▶ **TASK DIRECTIONS**:
Reproduce the listing exactly, please, with every line intact.

BEGIN DATA PROVIDED

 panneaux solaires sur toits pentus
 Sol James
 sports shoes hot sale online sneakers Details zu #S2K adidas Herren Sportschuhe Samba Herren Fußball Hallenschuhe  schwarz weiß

END DATA PROVIDED

▶ **FINAL ANSWER**:
 panneaux solaires sur toits pentus
 Sol James
 sports shoes hot sale online sneakers Details zu #S2K adidas Herren Sportschuhe Samba Herren Fußball Hallenschuhe  schwarz weiß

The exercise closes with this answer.